■ Work order
Report each line of the listing that carries the word "Brilliant".

■ Given entries

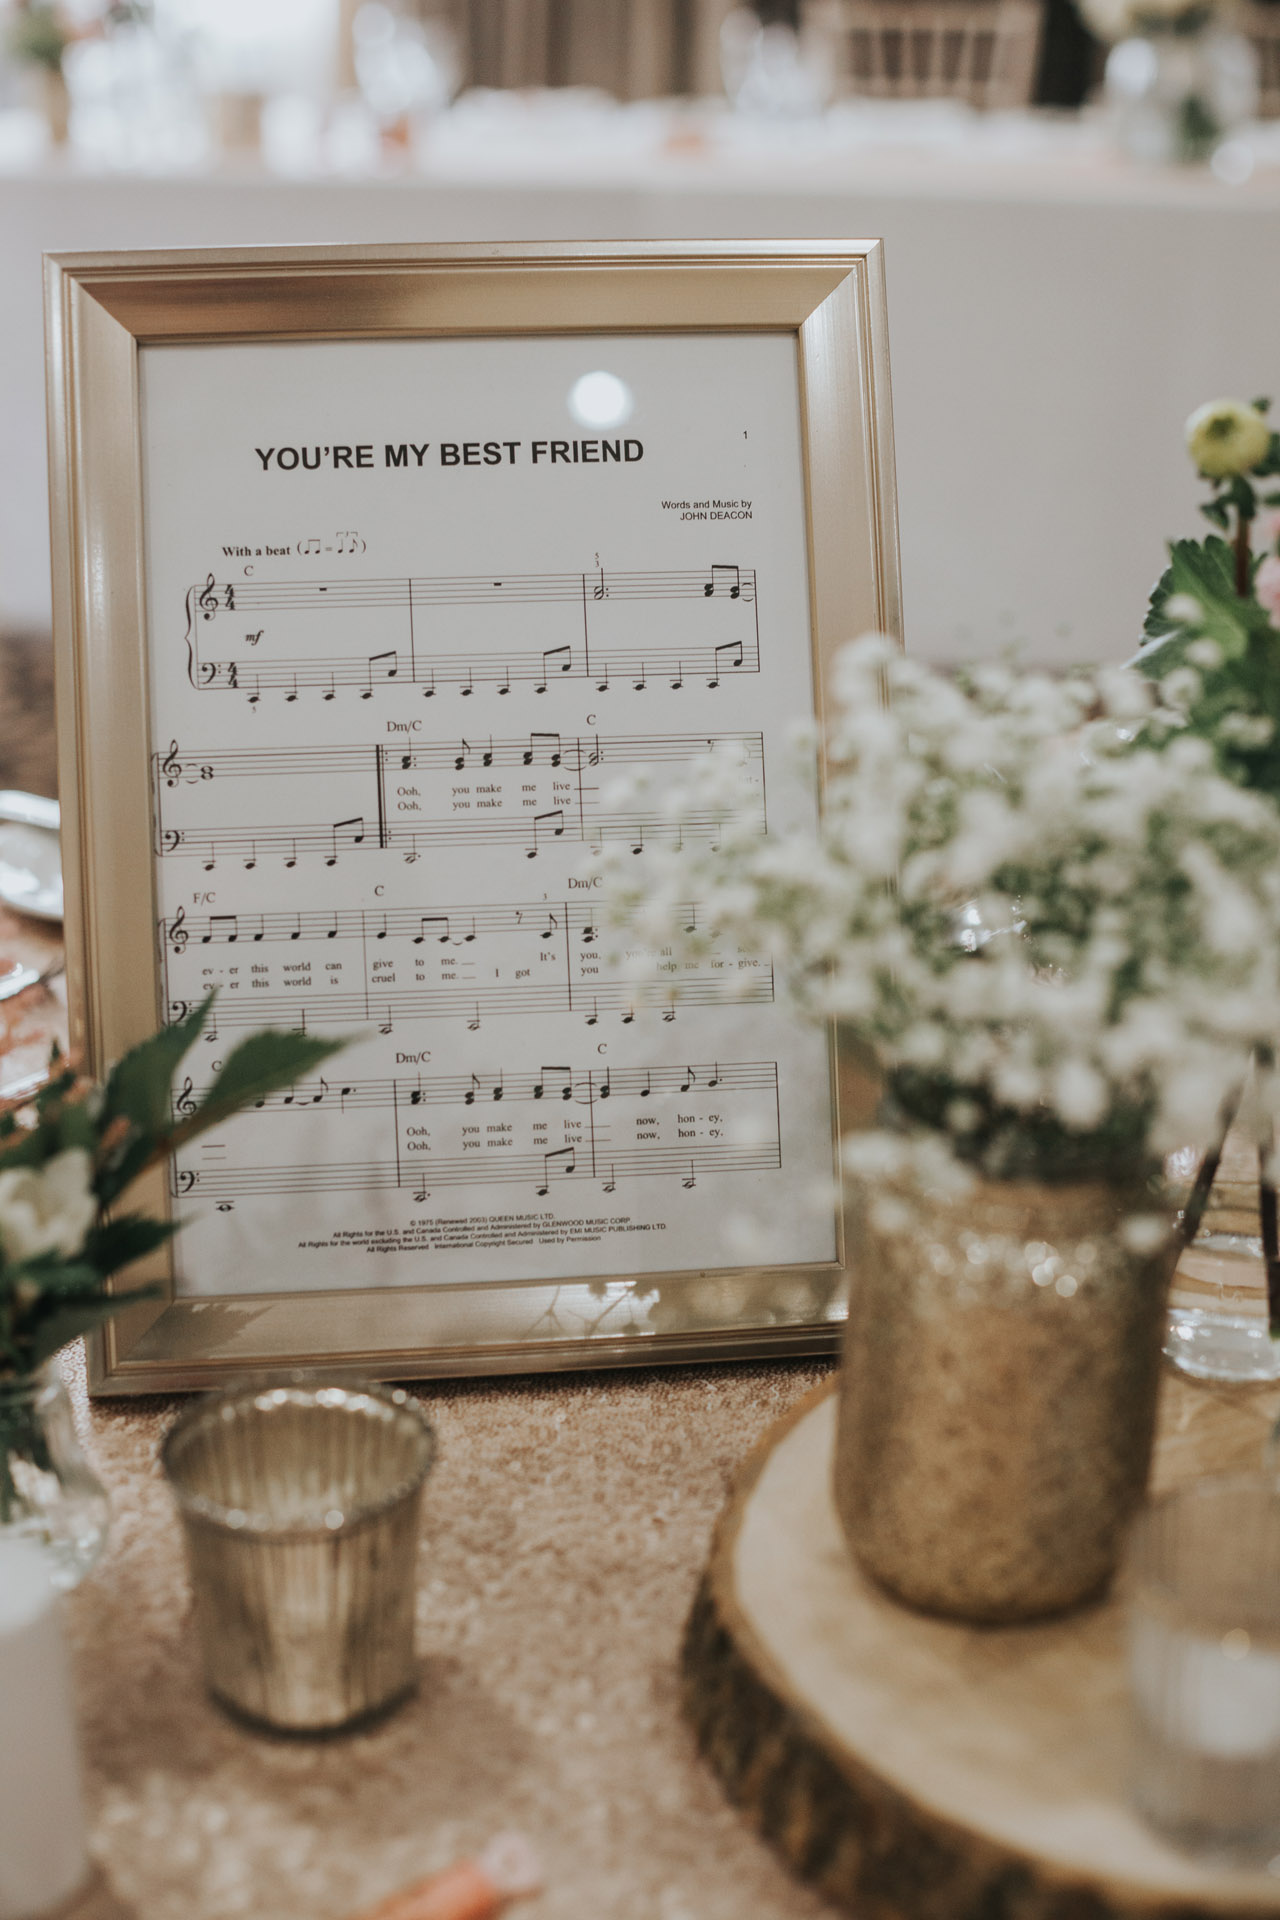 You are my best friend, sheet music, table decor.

--

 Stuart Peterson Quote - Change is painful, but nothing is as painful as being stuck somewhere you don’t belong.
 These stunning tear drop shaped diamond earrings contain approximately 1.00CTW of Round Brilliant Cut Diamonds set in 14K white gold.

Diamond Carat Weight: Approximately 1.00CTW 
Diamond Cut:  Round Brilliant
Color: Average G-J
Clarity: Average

■ Your response
 These stunning tear drop shaped diamond earrings contain approximately 1.00CTW of Round Brilliant Cut Diamonds set in 14K white gold.
Diamond Cut:  Round Brilliant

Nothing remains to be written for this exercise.